**Information shown**
----

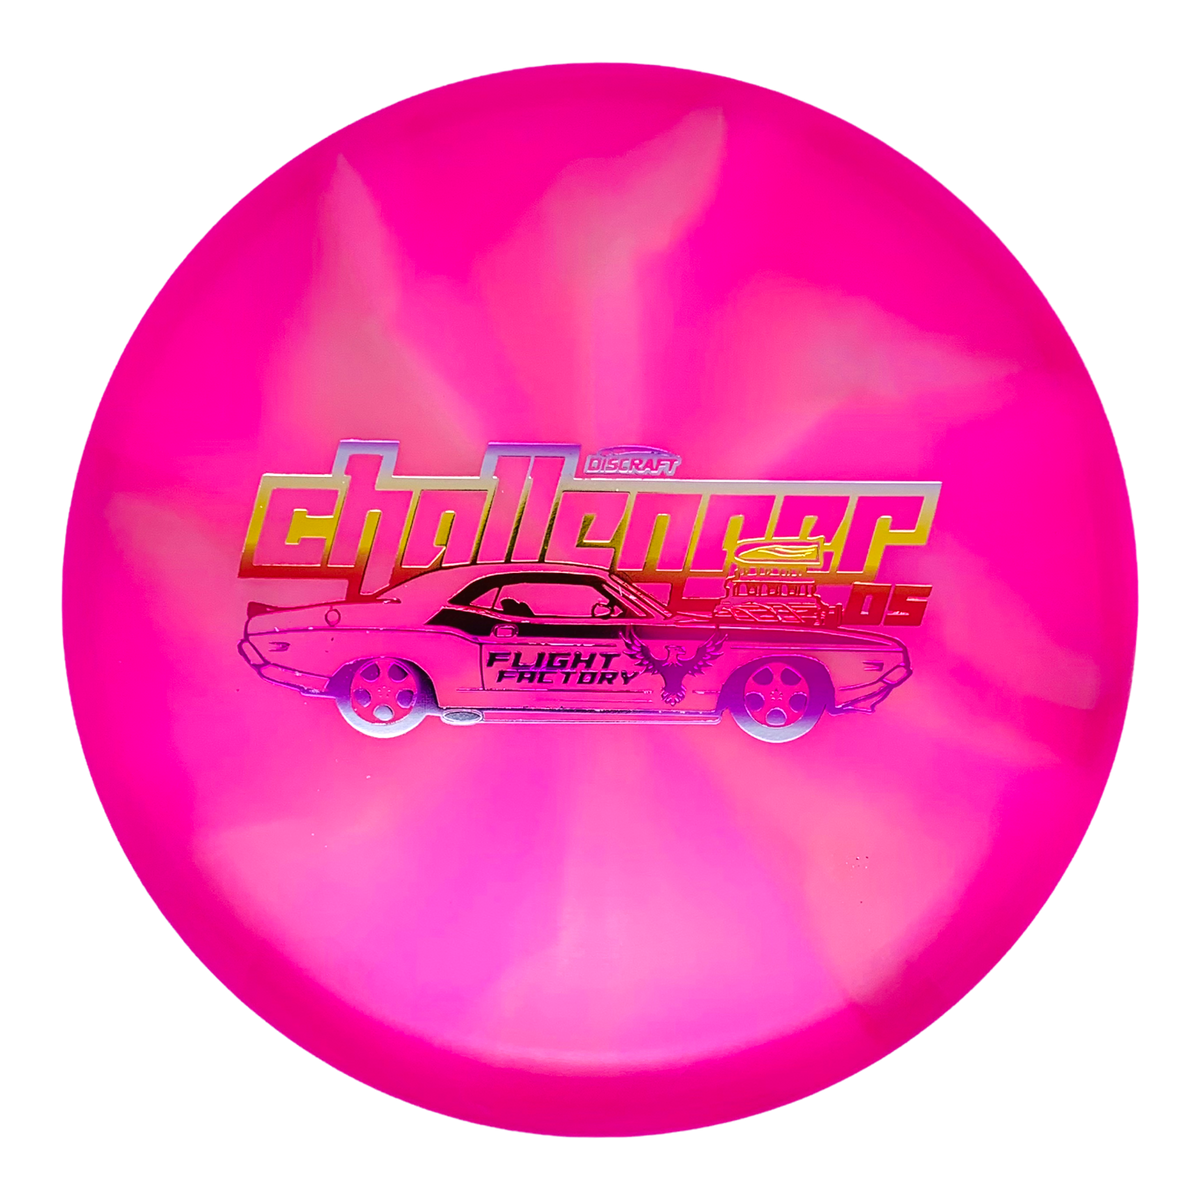 Discraft Tour Z Swirl Challenger OS - Challenger Pinks
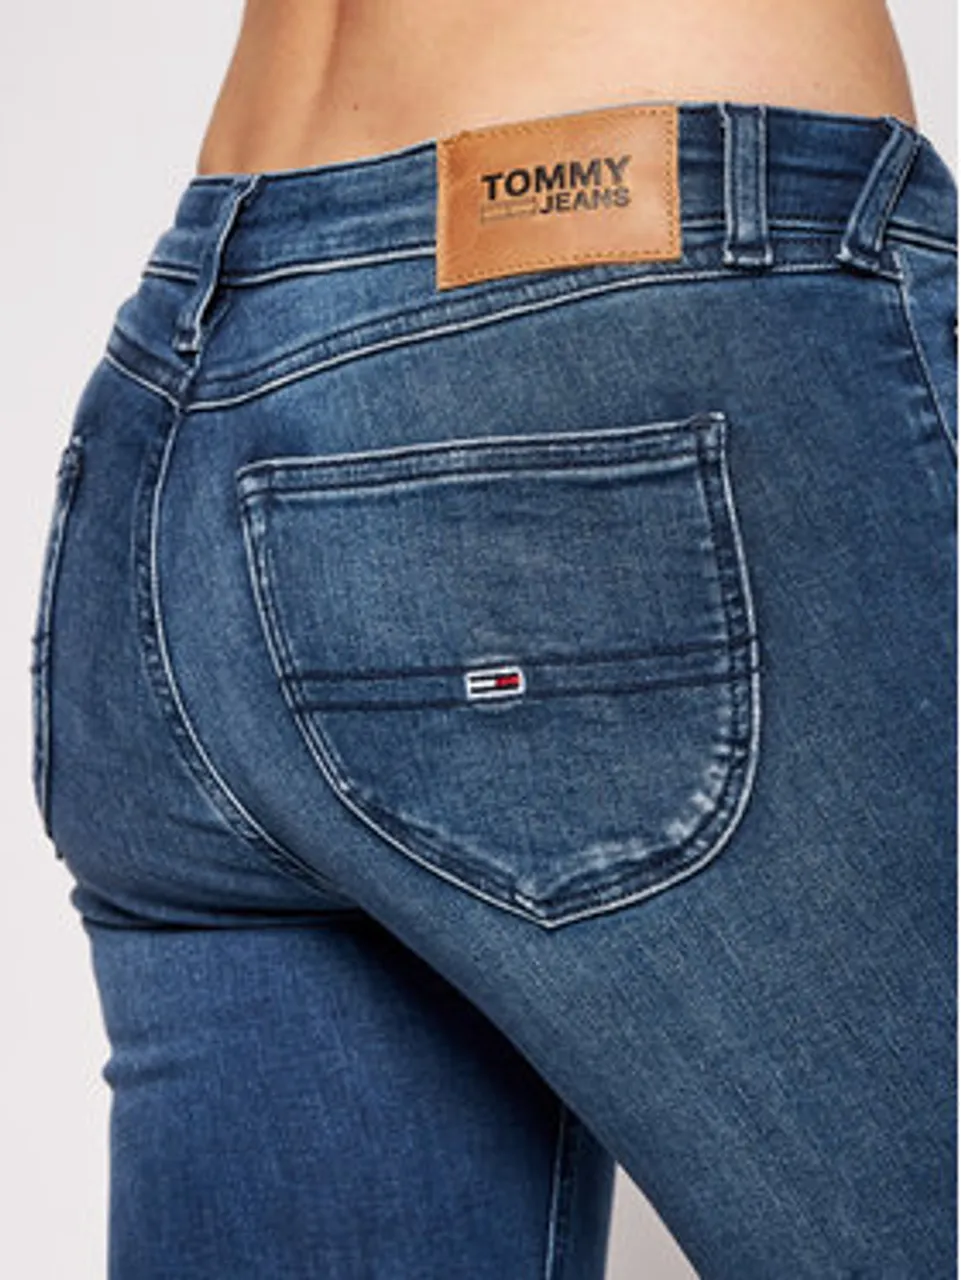 Tommy Jeans Jeans Sophie DW0DW09214 Dunkelblau Skinny Fit
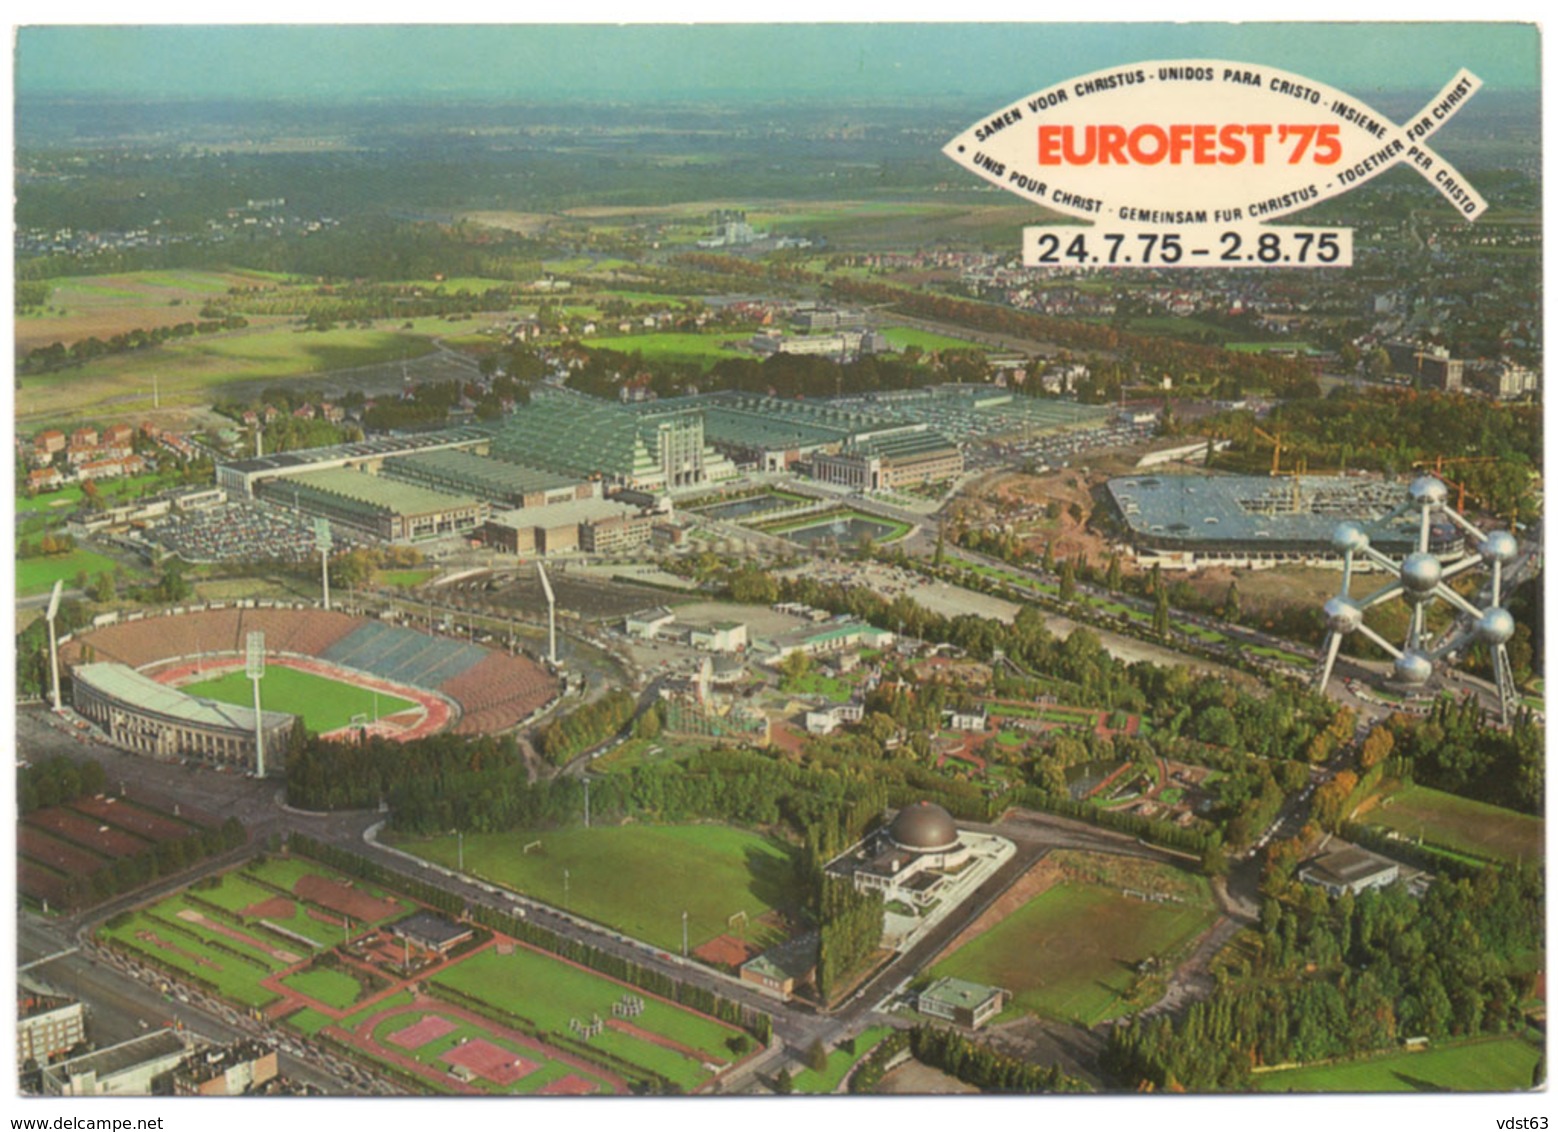 Bruxelles Brussel 1975 STADE FOOTBALL HEYSEL Atomium Palais Centenaire Vue Aérienne Aerial Vew - Brussels Soccer Stadium - Football

----

**Exercise aim**
Leave the pictures out and output the rest of the listing exactly.

**Reply**
 Discraft Tour Z Swirl Challenger OS - Challenger Pinks
 Tommy Jeans Jeans Sophie DW0DW09214 Dunkelblau Skinny Fit
 Bruxelles Brussel 1975 STADE FOOTBALL HEYSEL Atomium Palais Centenaire Vue Aérienne Aerial Vew - Brussels Soccer Stadium - Football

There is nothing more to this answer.